The woman being interviewed maintained that nothing her doctor could have told her about abortion or the developing embryo could have changed her mind. She also claimed that most women were the same, and that the pro-life lobby were hyping things up to persuade women not to have abortions...
Well, actually, as someone who used to believe that abortion was ok, I can say that thinking about when life actually begins and considering the development of the foetus certainly has had an effect on me, and on many others. The "tiny feet" pro-life symbol is effective simply because of this consideration: at ten weeks' gestation, the "blob of tissue" referred to by the pro-choice lobby actually has ten toes, complete with toenails.

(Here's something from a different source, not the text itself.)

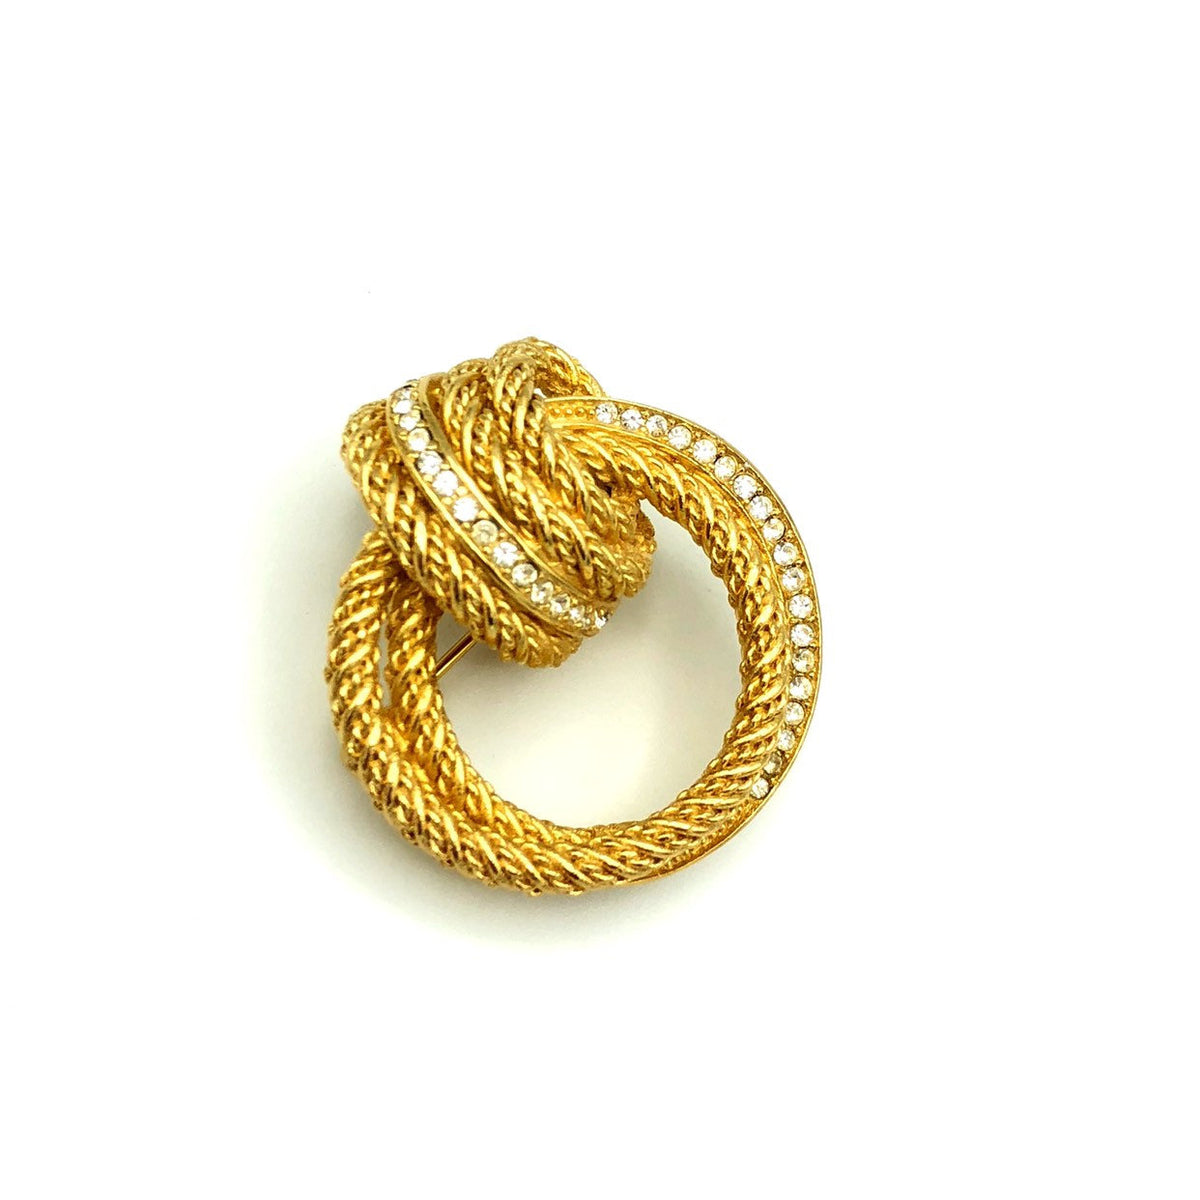 update alt-text with template Vintage Gold Christian Dior Circle Braided Brooch-Brooches & Pins-Christian Dior-[trending designer jewelry]-[christian dior jewelry]-[Sustainable Fashion]

Language is another powerful tool. I wrote an article about foetal tissue transplantation back when I was a research scientist (shortly after I returned to the Church, and once I realised where the research I was doing was actually likely to lead...), and one of the things which struck me was the manipulation of language: do anything to disguise the fact that we're dealing with unborn babies. Pregnant women were referred to as "the gravida" because pregnant women have babies, while gravida have blobs of tissue, and donating tissue for transplantation is more acceptable than donating bits of babies.
John Smeaton has a piece on recycling babies which demonstrates this use of language very well: he's done it the other way around, and put "tiny person" in the place of "embryo". It really hits hard!
The interviewee's logic is the same as that currently being applied to leftover aged or incurable people, according to the youthful and compassionate Baroness Warnock et al. They should be allowed and encouraged to commit suicide legally, because other people are getting in to legal trouble by helping them to die. Oh Brave new world!